Кальтенбруннер добавил от себя, что, заботясь о будущем, они решили разделить между самыми доверенными из промышленников золото и драгоценности, доставшиеся от десяти миллионов уничтоженных, с тем чтобы, когда национал-социалисты возвратятся, все это было возвращено с соответствующим процентом. Рачительные гестаповцы тотчас же взялись за составление списков, в которых подробно отмечалось, кому, на какую сумму и что именно поручено сохранить «до лучших времен». Вскоре списки эти отправились в тайные сейфы гестапо, а нынче, очевидно, пропали где-то вместе с Кальтенбруннером, которого схватили американцы. Зато тайный капитал не погиб и теперь весьма пригодился делу восстановления немецкой промышленности.
Но Крупп в тюрьме. И не он один. Это плохо. Это очень, очень плохо.
— Круппы трудились в поте лица; всю свою жизнь они боролись с ударами судьбы, которая преследовала наш народ,— сказал Пфердменгес и закашлялся от непривычно длинной тирады.— Я не могу допустить, чтобы американцы согласились на конфискацию всего его имущества.
— У меня есть сведения, что на этом настаивают советские представители,— сказал Аденауэр.— Во время обсуждения Устава Международного трибунала они хотели вставить пункт о конфискации имущества всех наказанных военных преступников. Но американский прокурор Джексон не согласился с этим требованием, считая, что эта кара устарела, точно так же, как устарело, скажем, четвертование.
— Конфисковать имущество Круппа означает допустить Россию к Рейну, к Рурскому бассейну... Впустить большевиков в самое сердце Европы!— воскликнул Лобке.— Дело даже не в конфискации капиталов. Капиталы мы, в конце концов, найдем. Но допустить
Пфердменгес насторожился. До сих пор он не очень-то вникал в болтовню этого советника из городского магистрата. Понимал, что у того на сердце скребут кошки от страха за свою активную деятельность при Гитлере и что своим многословием он старается скрыть собственный страх, и ничего больше. Но он разглагольствует о капитале. Что-то о том, что капитал, мол, найдется, даже в том случае, если их всех пустят по миру...

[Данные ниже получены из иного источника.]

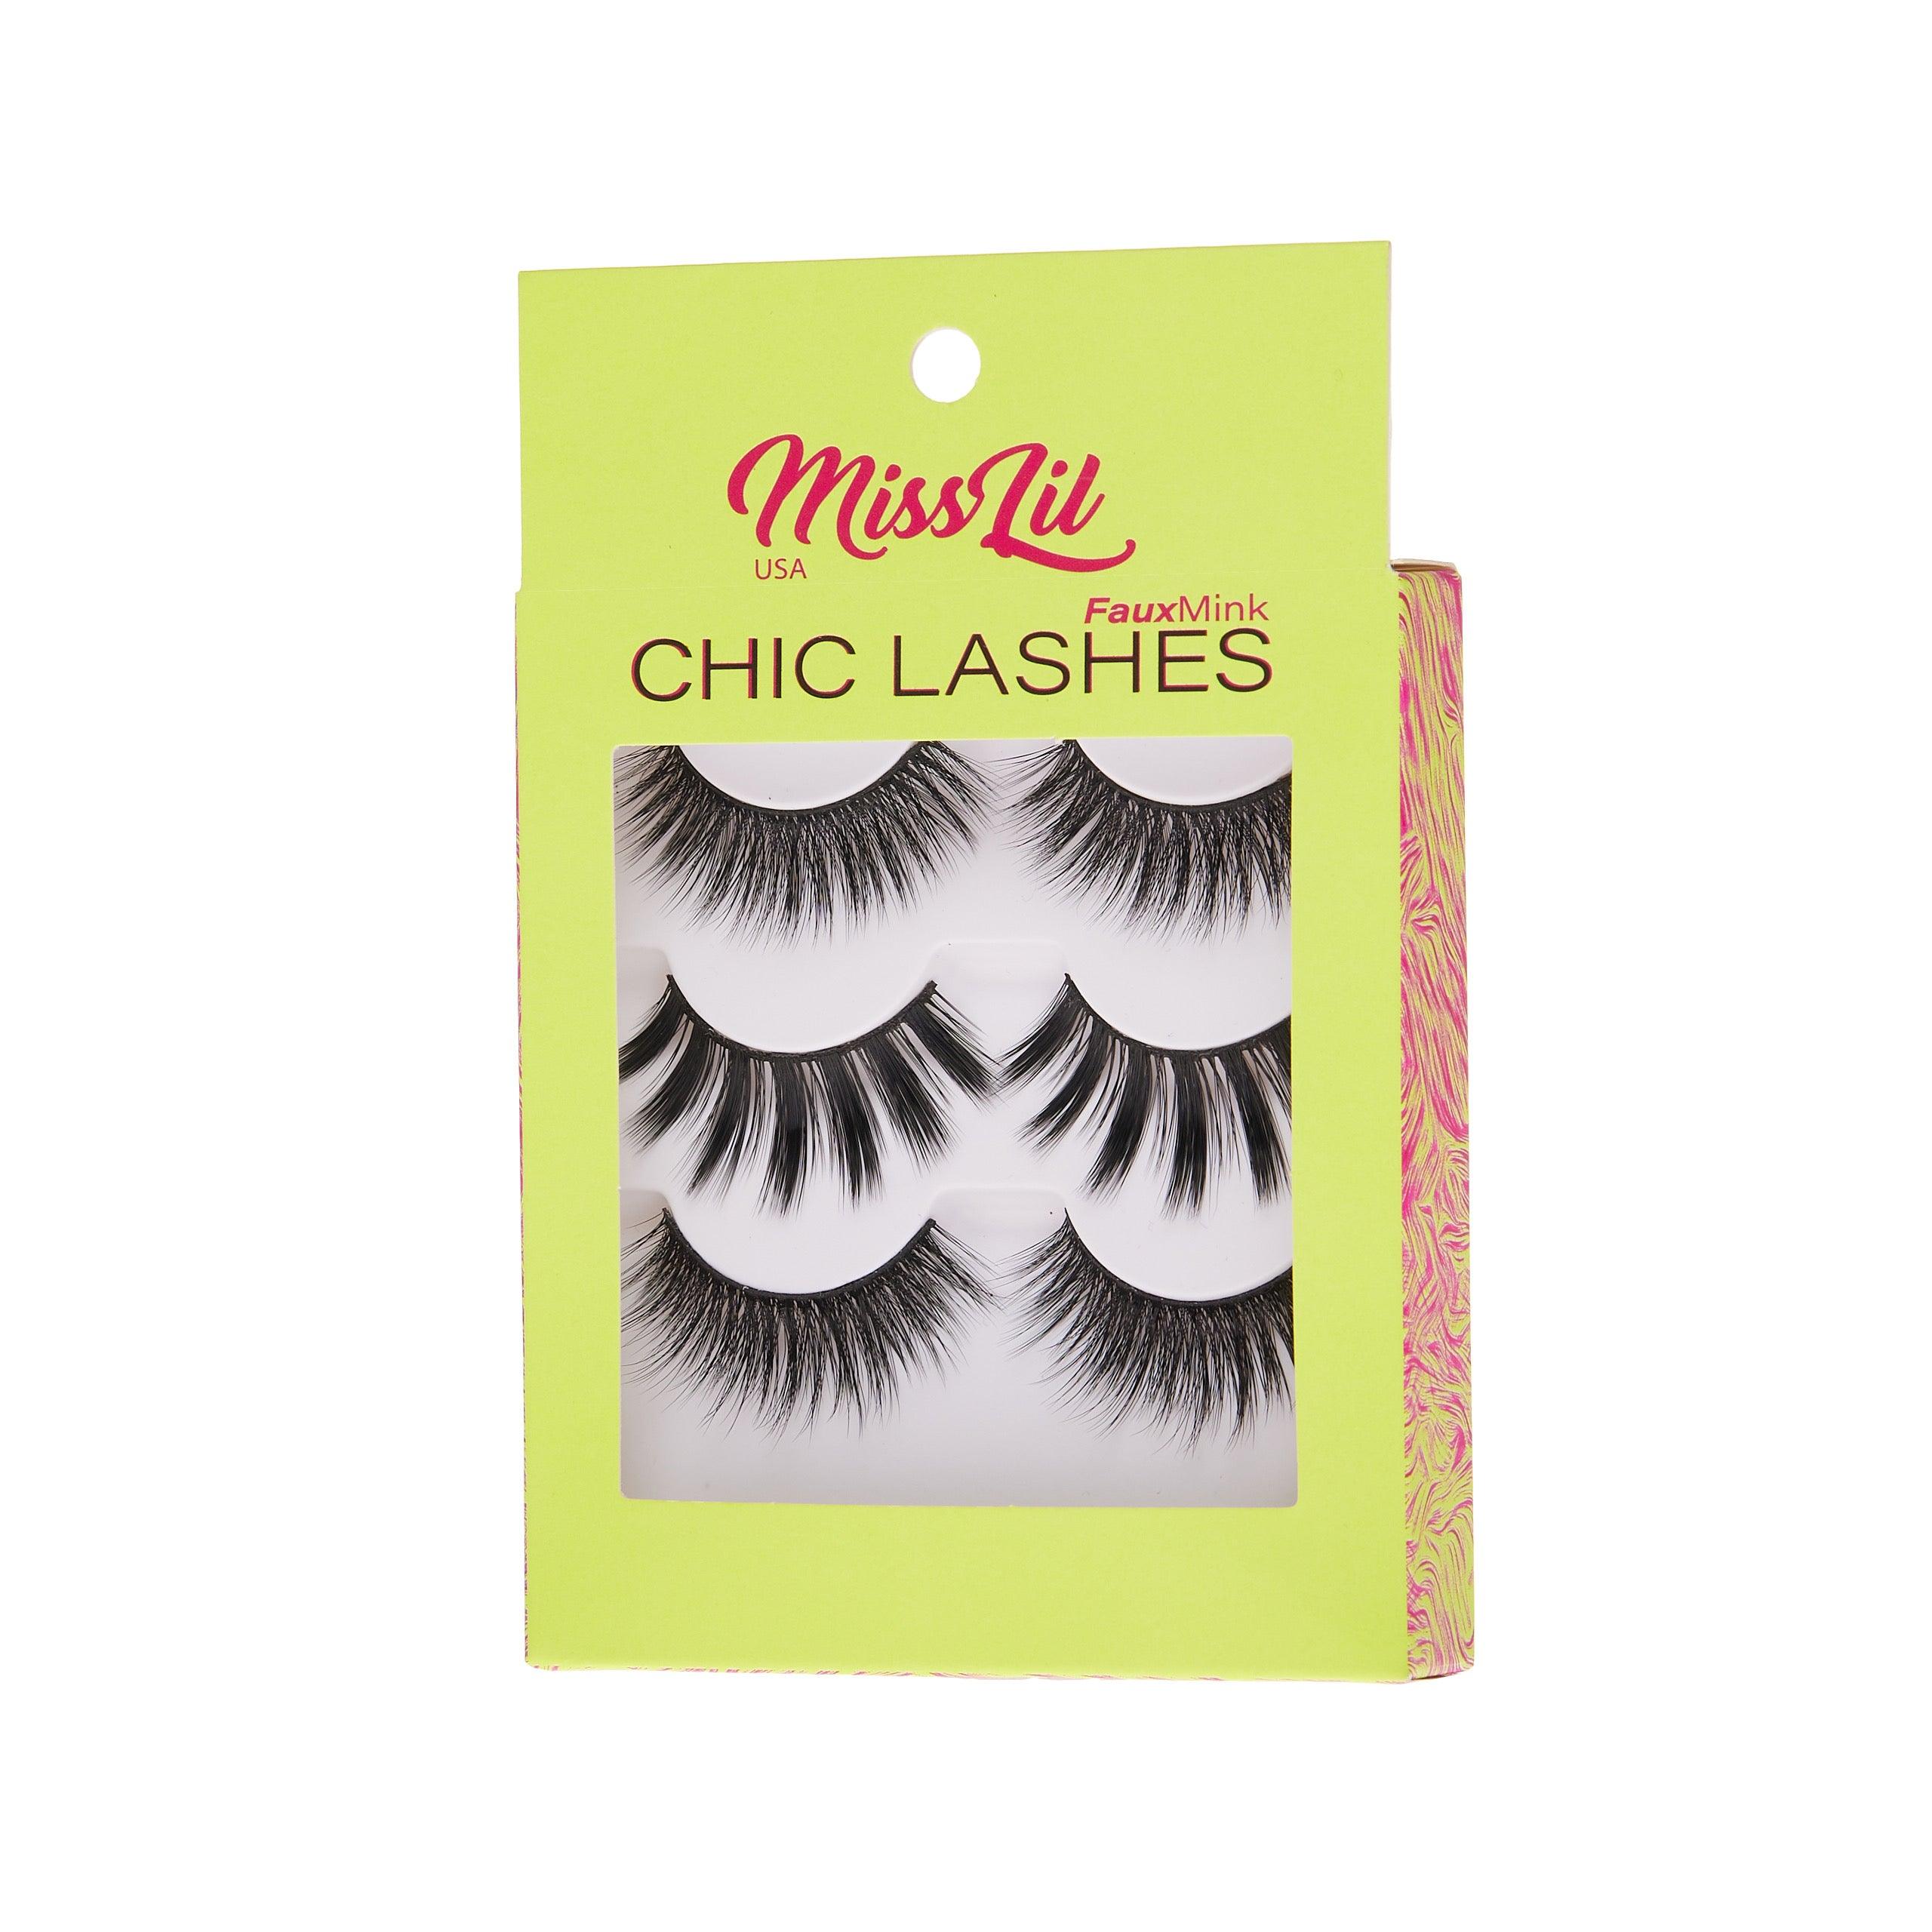 3-Pair Faux Mink Eyelashes - Chic Lashes Collection #2 - Pack of 3 - Miss Lil USA

— Что вы имеете в виду? — быстро спросил он доктора Лобке.
Тот взглянул на Аденауэра, затем на Пфердменгеса. Его мясистые щеки дрогнули от плохо скрытой радости.
— Я имел в виду то, что имеете в виду и вы, герр Пфердменгес.
— То есть? — не отступал банкир.— Я не умею разгадывать шарады.
Он сам дивился неслыханному своему красноречию, но не мог остановиться, что-то толкало его, что-то приказывало выведать у этого толстощекого советника, что он за тип и что может быть ему известно.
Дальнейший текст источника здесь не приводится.